_Instructions to follow_
With the pictures removed, the data below must be transcribed in full and exactly.

_Dataset section_
+-------+

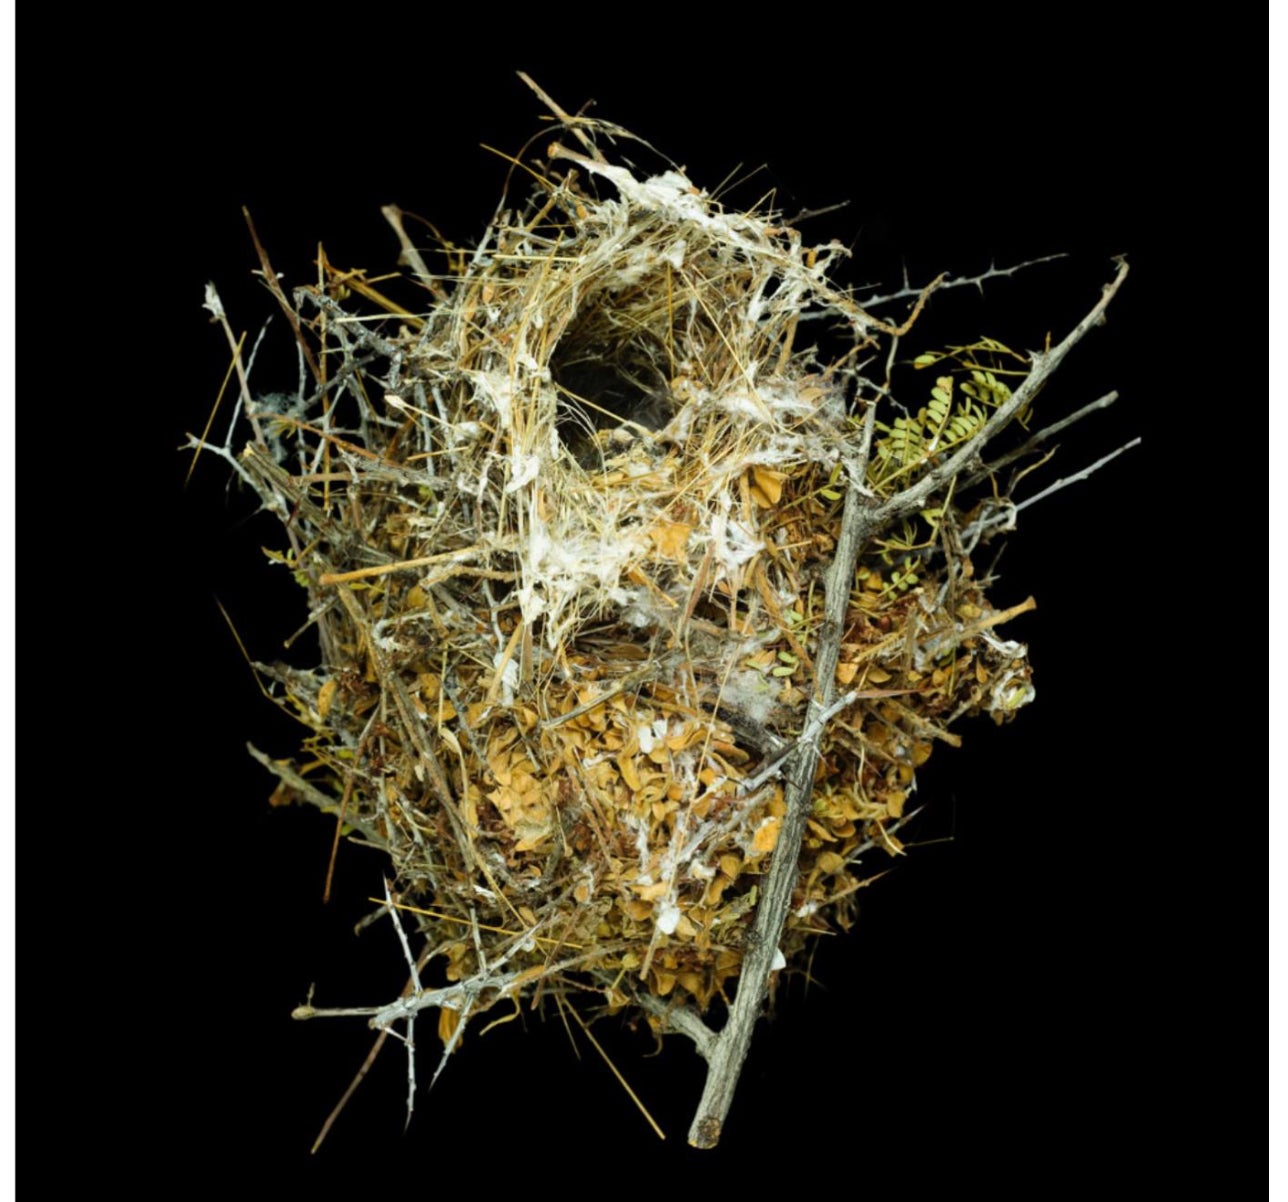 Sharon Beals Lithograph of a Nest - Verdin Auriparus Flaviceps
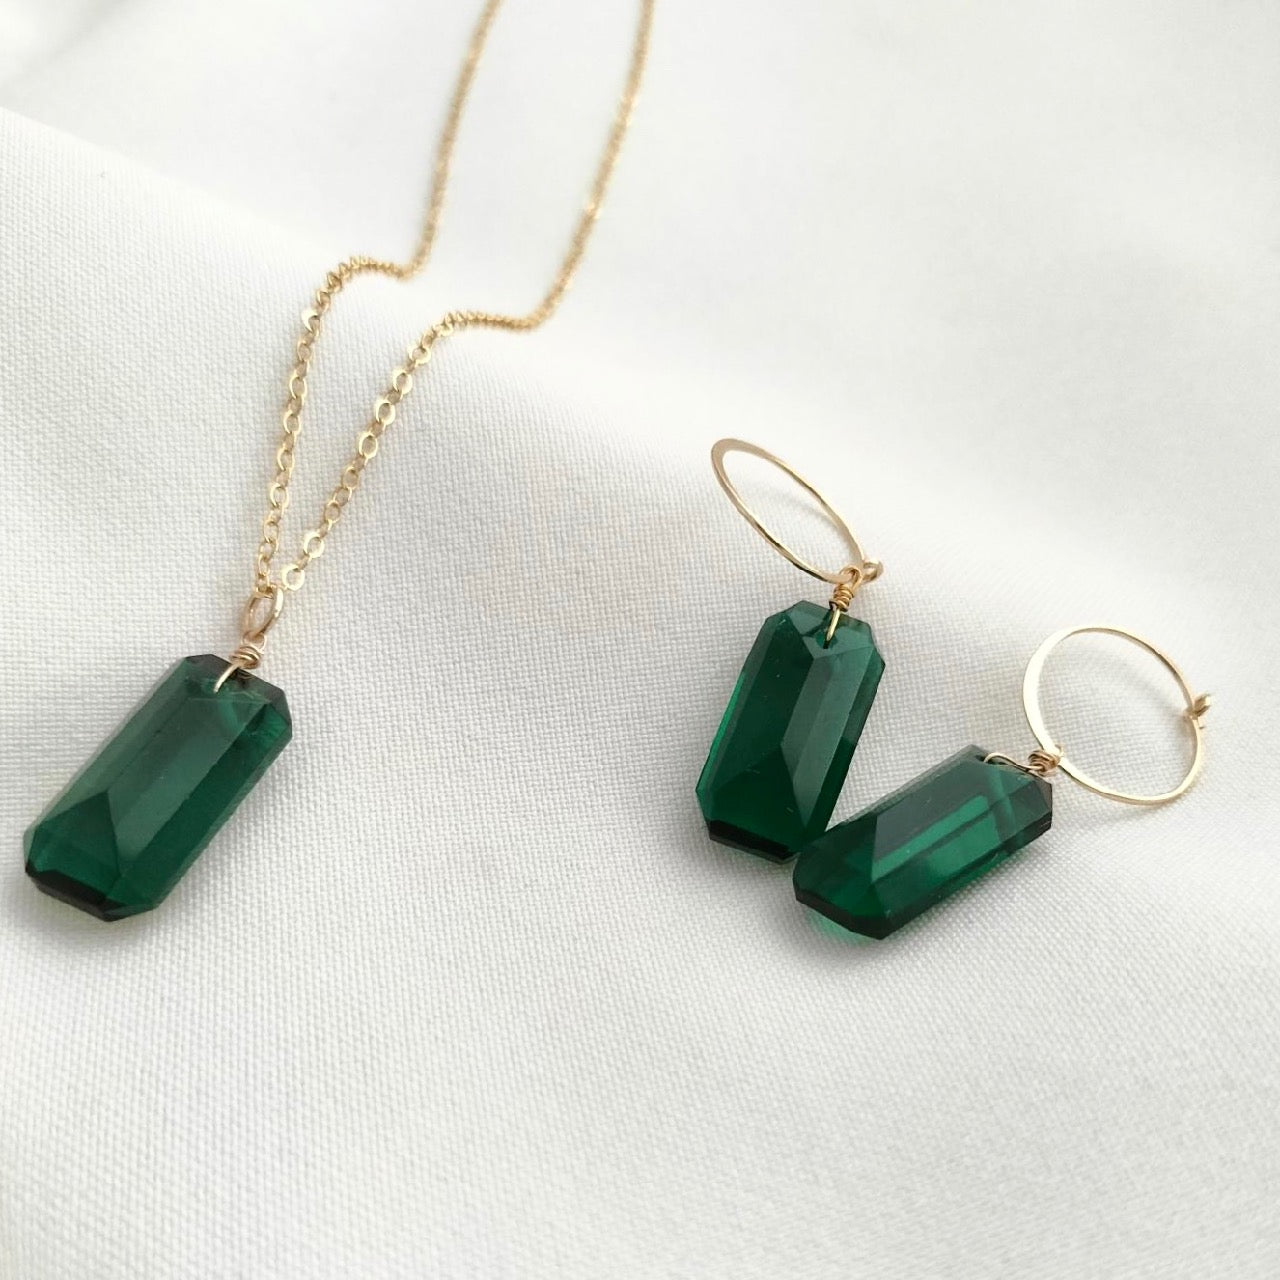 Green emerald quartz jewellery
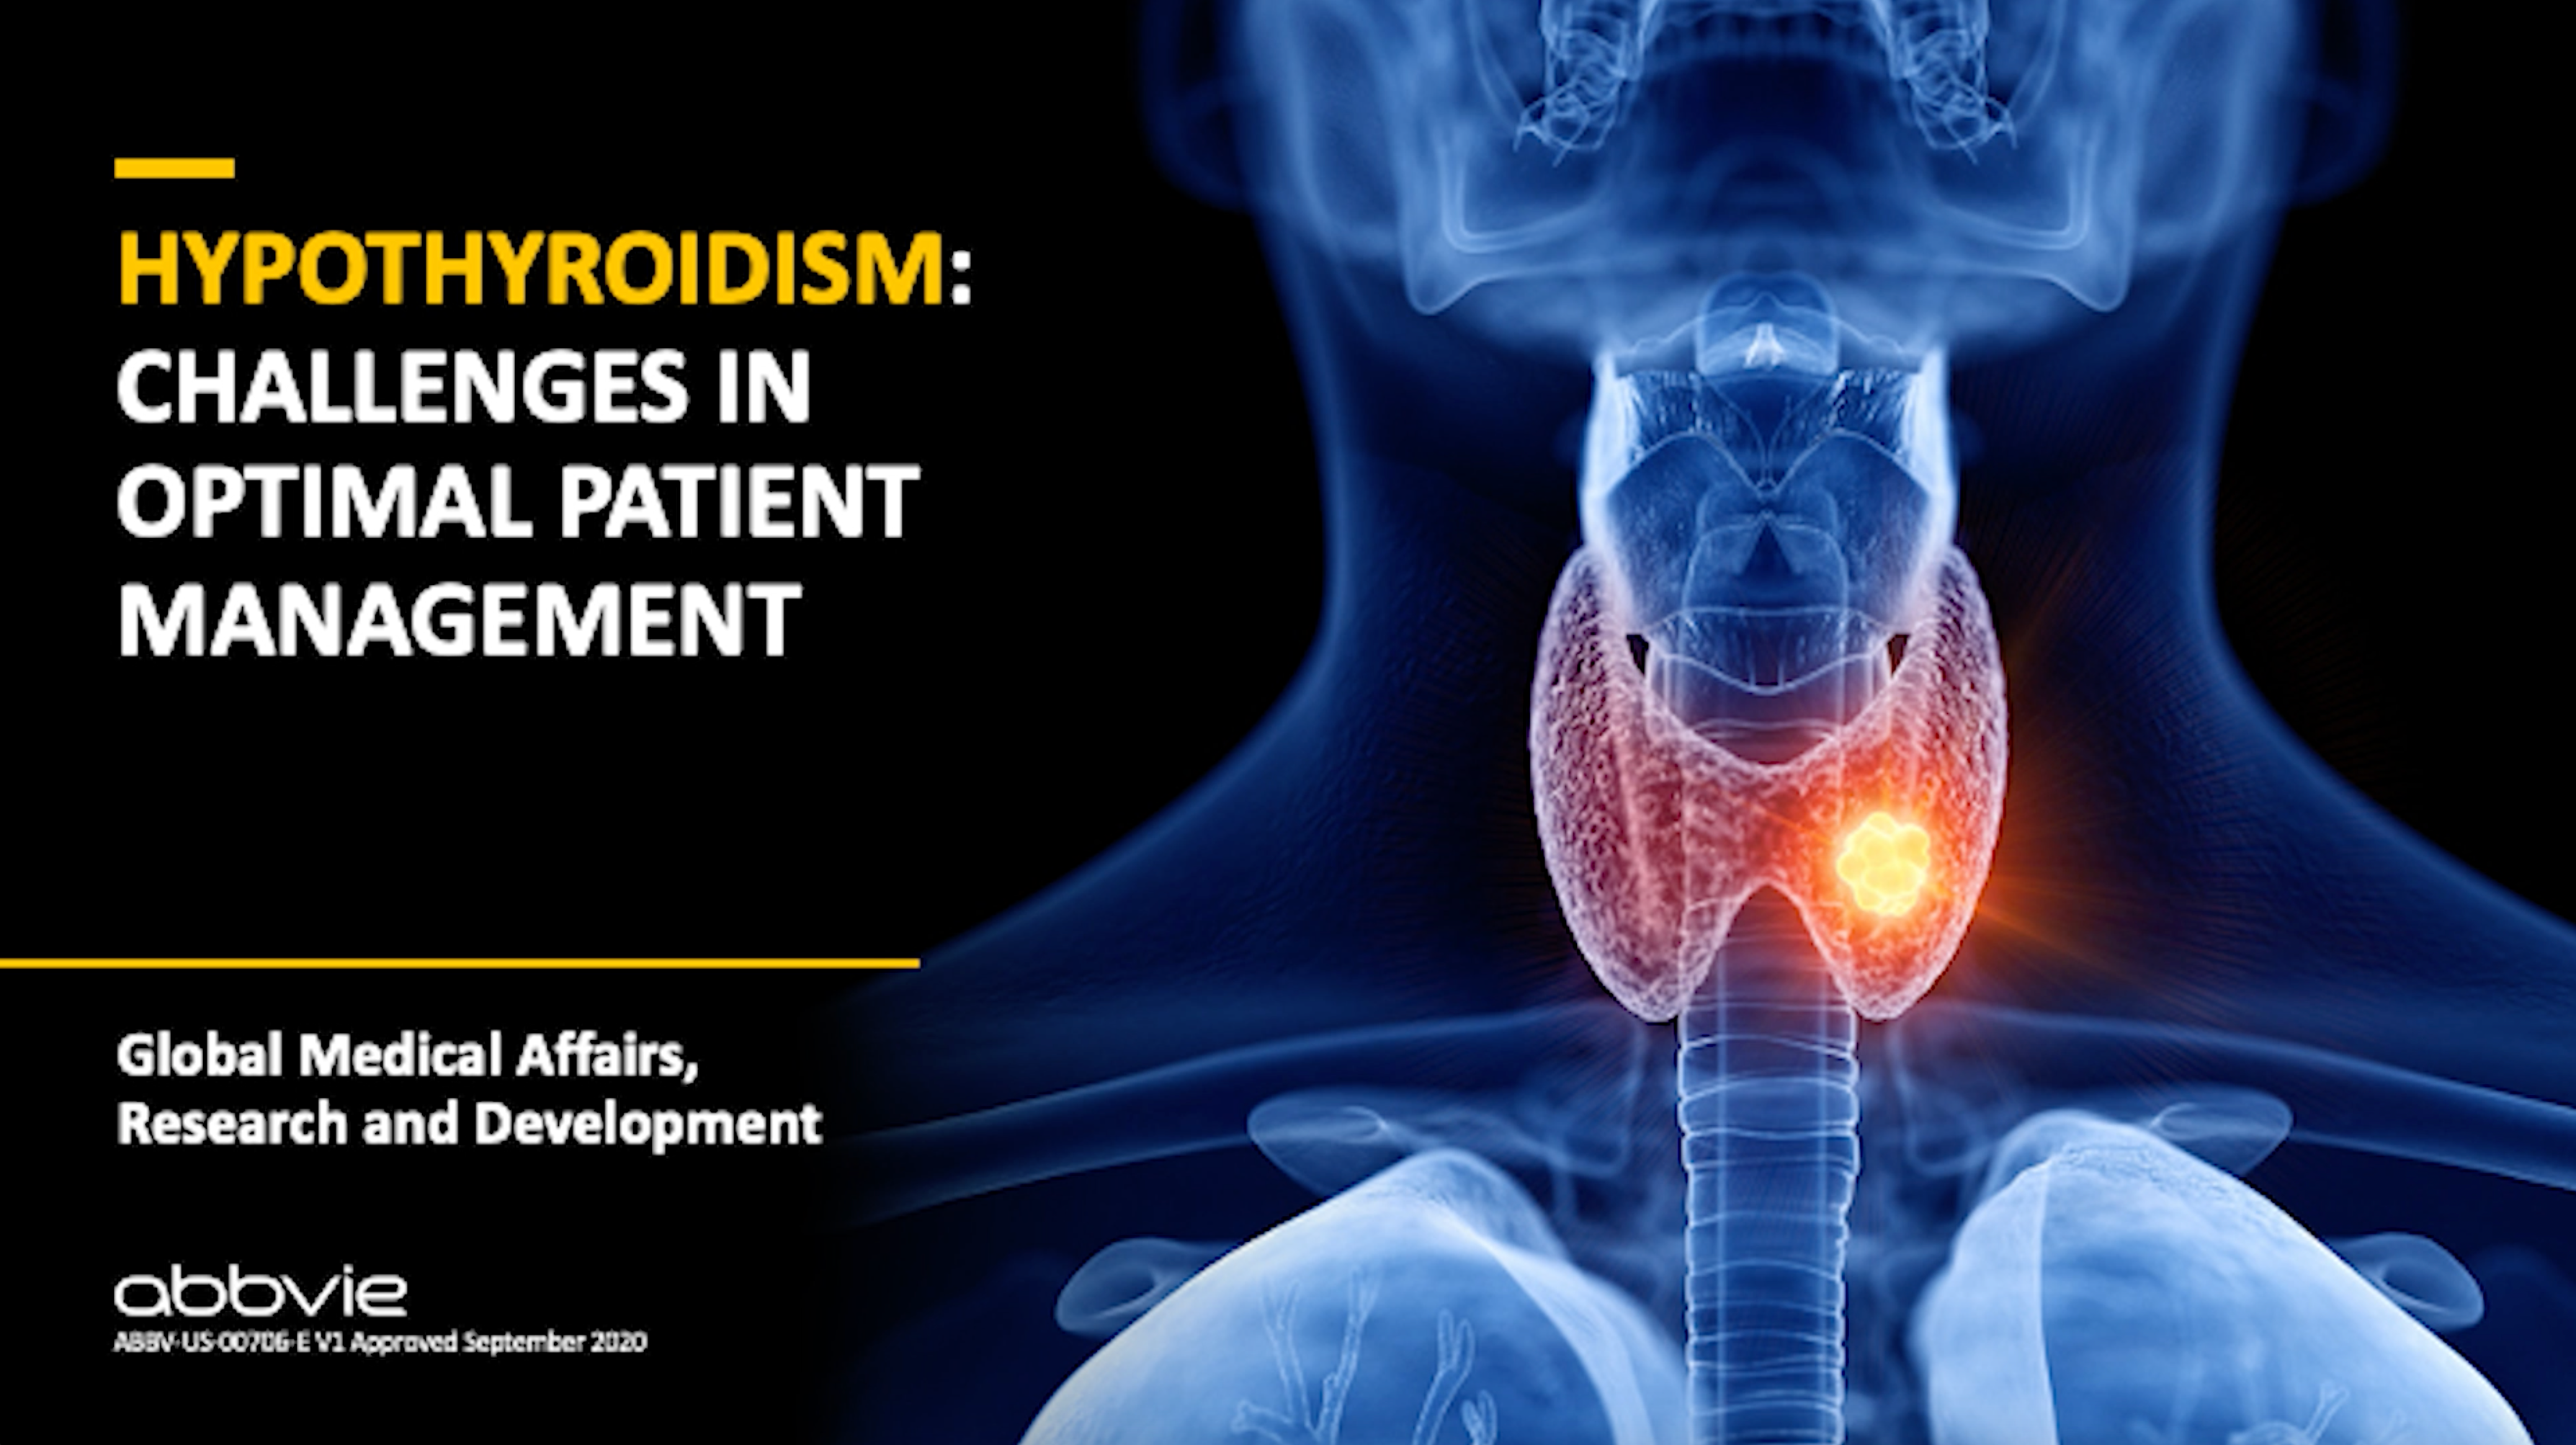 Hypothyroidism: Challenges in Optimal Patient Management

+-------+

_Finished task_
 Sharon Beals Lithograph of a Nest - Verdin Auriparus Flaviceps
 Green emerald quartz jewellery
 Hypothyroidism: Challenges in Optimal Patient Management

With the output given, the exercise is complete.